Marguerite Yourcenar – Madame Bibliotheque
Musee Marguerite Yourcenar
It has been a while since I read something interesting about M.Yourcenar, an erudite and eccentric Grande Dame of Letters, so refreshing to find this article by Joan Acocella, Becoming an Emperor or how Marguerite Yourcenar reinvented the past. New Yorker magazine. I did not know that Yourcenar spent half of her life in USA, and even had a citizenship and taught at Sarah Lawrence.
John Updike described her writing as marmoreal and elegant – thus pasted in the back of book “That Mighty Sculptor, Time”. (Marmoreal means like a marble or statue – learned a new word today.)

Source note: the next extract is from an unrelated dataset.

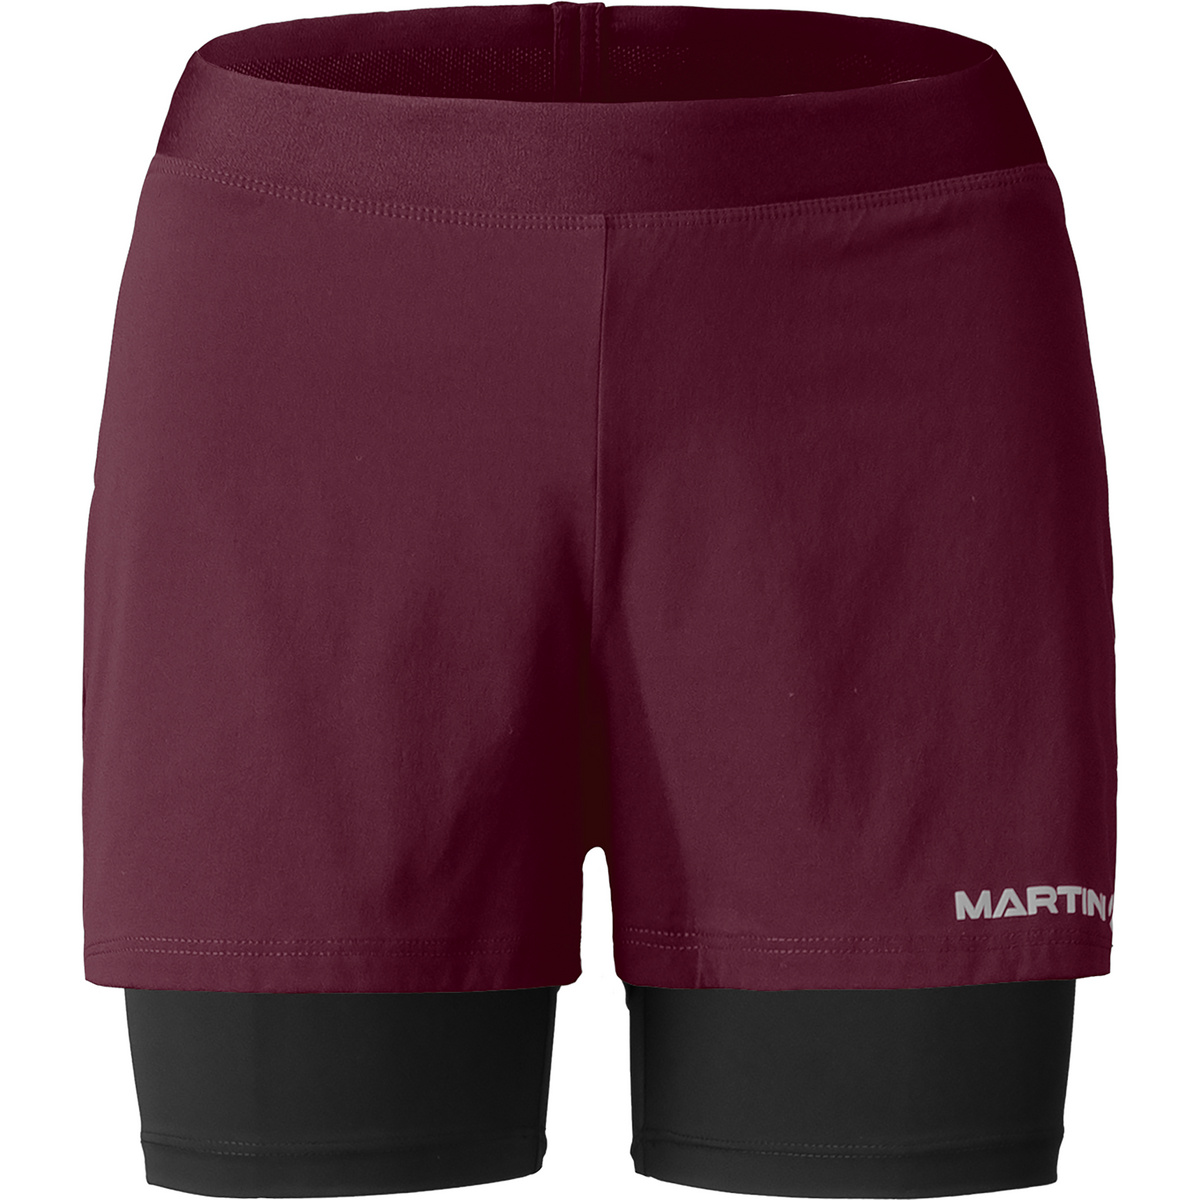 Image of Martini Sportswear Donna Pantaloncini 2in1 Pacemaker

More about M. Y. “Her many meditations on the meaning of love and pleasure often had their roots in personal crisis; yet they were always filtered through historical, mythological or fictitious characters.”
Here is a sample of her writing;
Febo del Poggio
I am awakening. Before me, behind me, there is eternal night. For millions of ages I have slept; for millions of ages I shall sleep again…I have but one hour. Why would you spoil it with explanations or maxims? I stretch out in the sun, on the pillow of pleasure, in a morning that will never again return.
(Excerpt from a book “That Mighty Sculptor, Time” by M. Yourcenar).
“The Vision of the Void” was her book on Mishima, where she interpreted Mishima’s suicide as part of his work. A few reviews that I read online were all very negative, and I have not read her Mishima even though her writing on Mishima was how I came to know her.
She visited Borges and spent some times with him just before he died. Her tribute to Borges became her last piece of writing.